Please submit your answers to the BLA. Thanks! Cara

_____________________________________________
From: Valenti, Elizabeth Sent: Thursday, January 29, 2009 9:50 AM To: 'christopher.webster@novartis.com' Cc: Valenti, Elizabeth; Fiore, Cara Subject: 125300 PVP Comments
Chris,
We have the following pharmacovigilance plan comments for BLA 125300:

  1. Given the concern regarding Guillain Barre Syndrome (GBS) reports following Menactra, please propose specific plans for evaluating GBS after Menveo.
  2. Please present as soon as possible your plans for conducting a large post-marketing safety study. We recommend that you conduct an open label, descriptive, epidemiological, safety surveillance study that enrolls 50,000 Menveo recipients or enrolls for 1 year, whichever results in the larger enrollment, to be reported in accordance with 21 CFR 601.70. Please propose deadlines (e.g., relative to a potential approval date) for: protocol submission to CBER, study initiation, study completion, and final study report submission to CBER. Please note that if a previously undetected safety concern is identified during the ongoing review of your BLA, the above recommended sample size and/or study design may require revision.
  3. We recommend that, if your BLA is approved, the following adverse events should be reported in addition to 21 CFR 600.80 requirements. This expanded adverse experience reporting should be provided to the Vaccine Adverse Event Reporting System for one year following product licensure as follows:
    1. 15 day reports: All serious adverse events whether expected/labeled or unexpected/unlabeled, including but not limited to vaccine failure, seizures, shock, respiratory distress or difficulty breathing, angioedema, inspiratory stridor, and bilateral wheezing.
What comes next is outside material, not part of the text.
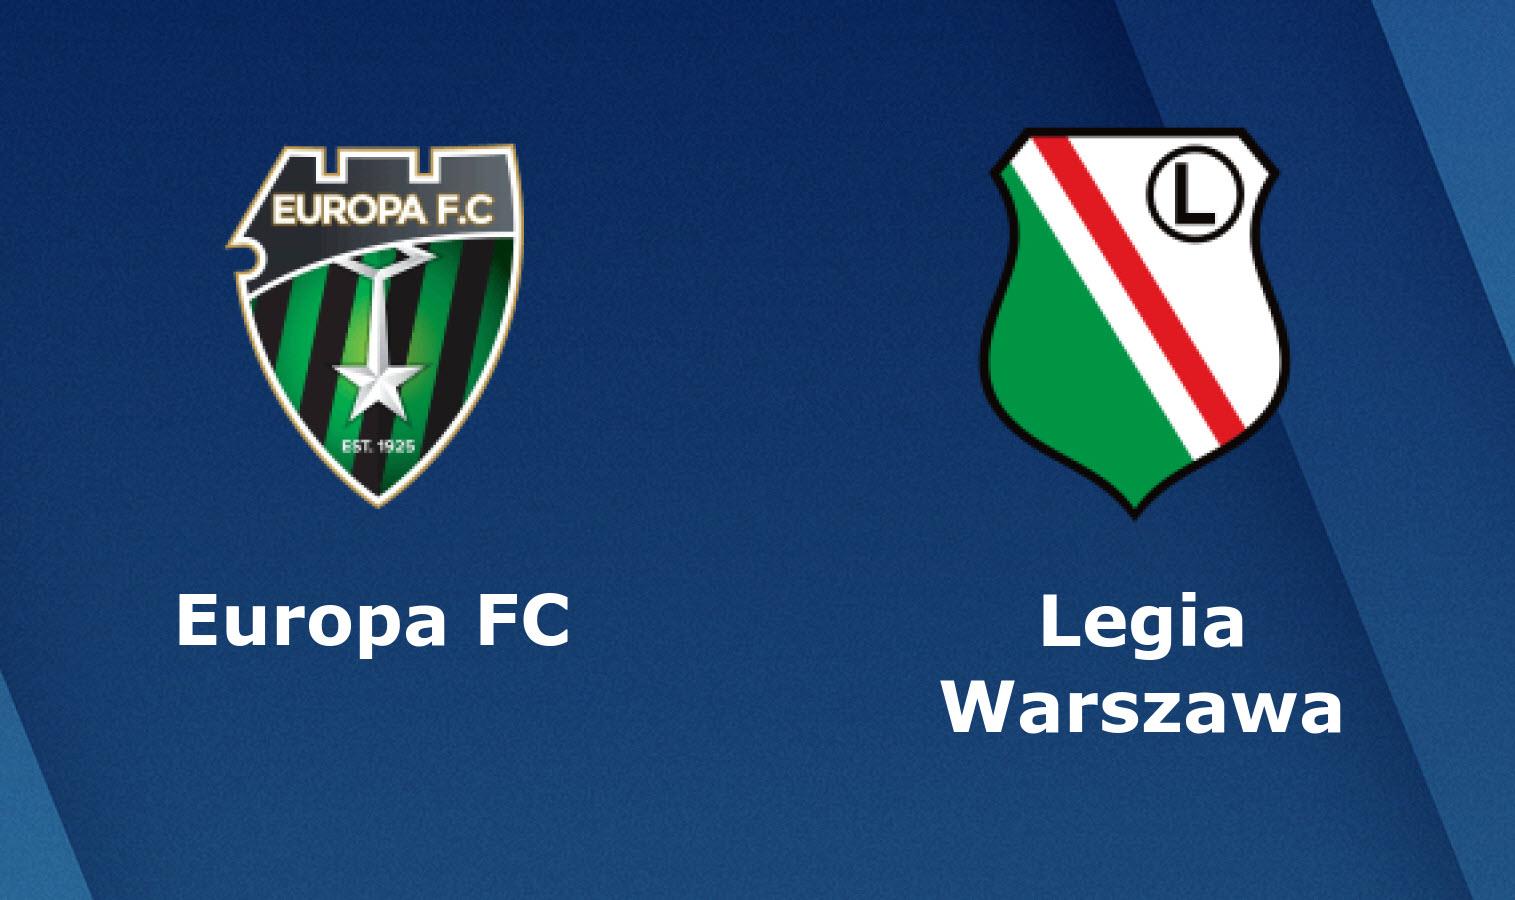 europa-fc-vs-legia-warszawa-01h30-ngay-12-07

    2. 30 day (monthly) reports if not already submitted as 15 day reports: all allergic events, including anaphylaxis; neurological events including Bell's palsy, Guillain-Barré Syndrome, encephalitis, encephalopathy, brachial neuritis, optic neuritis, other neuropathy, myelitis including transverse myelitis, ptosis, ataxia, multiple sclerosis, acute disseminated encephalomyelitis, cerebrovascular accidents, and transient ischemic attacks; idiopathic thrombocytopenic purpura; Kawasaki disease; myasthenia gravis; other new onset autoimmune disease; and all cases of non-intentional injury.
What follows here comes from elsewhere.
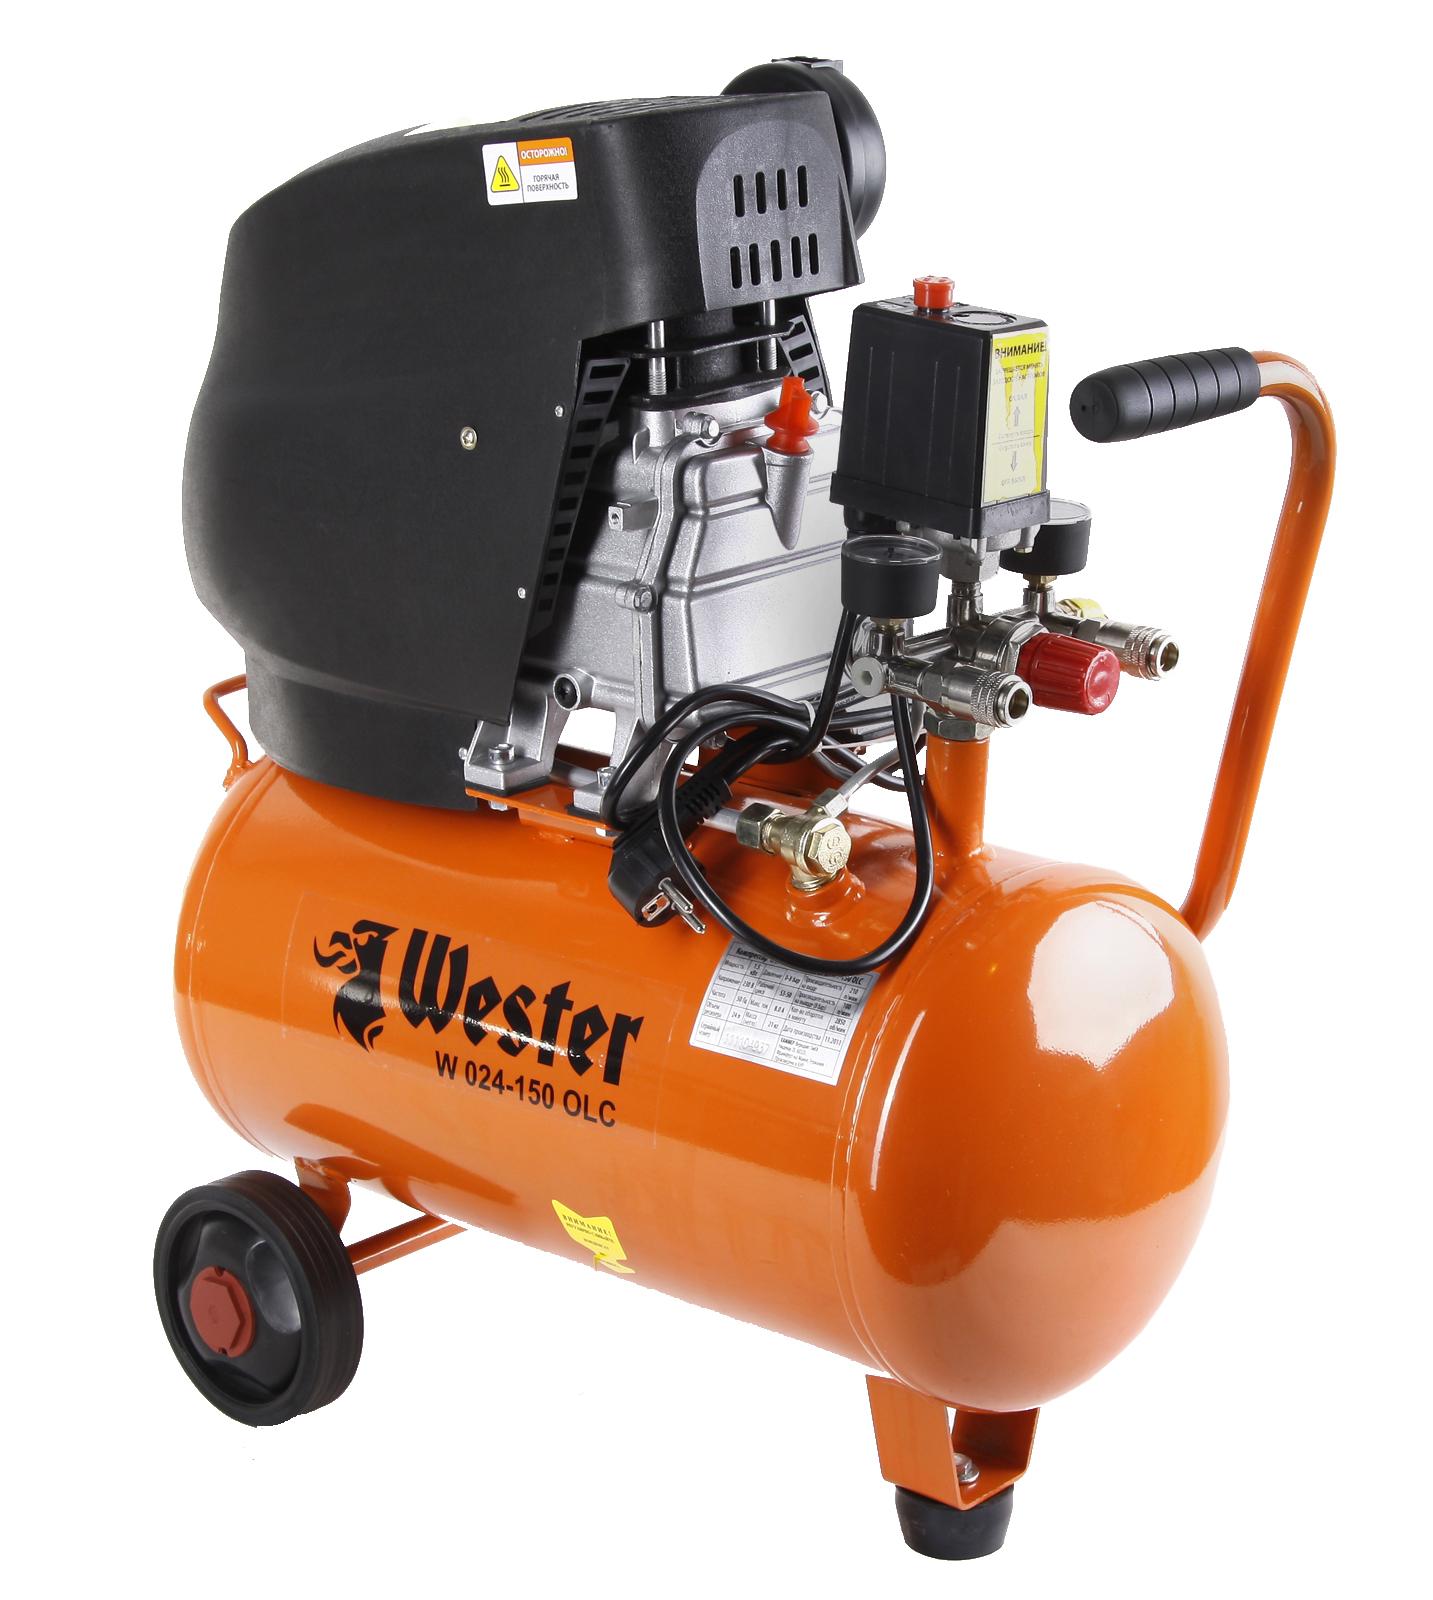 Компрессор поршневой Wester W 024-150 olc

  4. We note that you are planning to establish a pregnancy registry to prospectively collect safety data on spontaneously-reported exposures to Menveo during pregnancy and lactation, including courses and outcomes of such pregnancies. Please submit a protocol for a U.S. pregnancy registry that addresses elements found in FDA's Guidance for Industry on Establishing Pregnancy Exposure Registries (http://www.fda.gov/cber/gdlns/pregexp.htm). Please notify CBER of significant deviations from this guidance and/or specify the deviations in the protocol. Patient accrual/data collection should begin at the time of CBER's approval of the protocol and end no sooner than five years later. Please submit annual reports and a summary report of the U.S. pregnancy registry's findings five years after initiation of patient accrual/data collection. The five-year summary report should be submitted to CBER no later than five years and six months after initiation of patient accrual/data collection. After CBER's review of the five-year data, please discuss with CBER the possible need to continue further data collection in the U.S. pregnancy registry.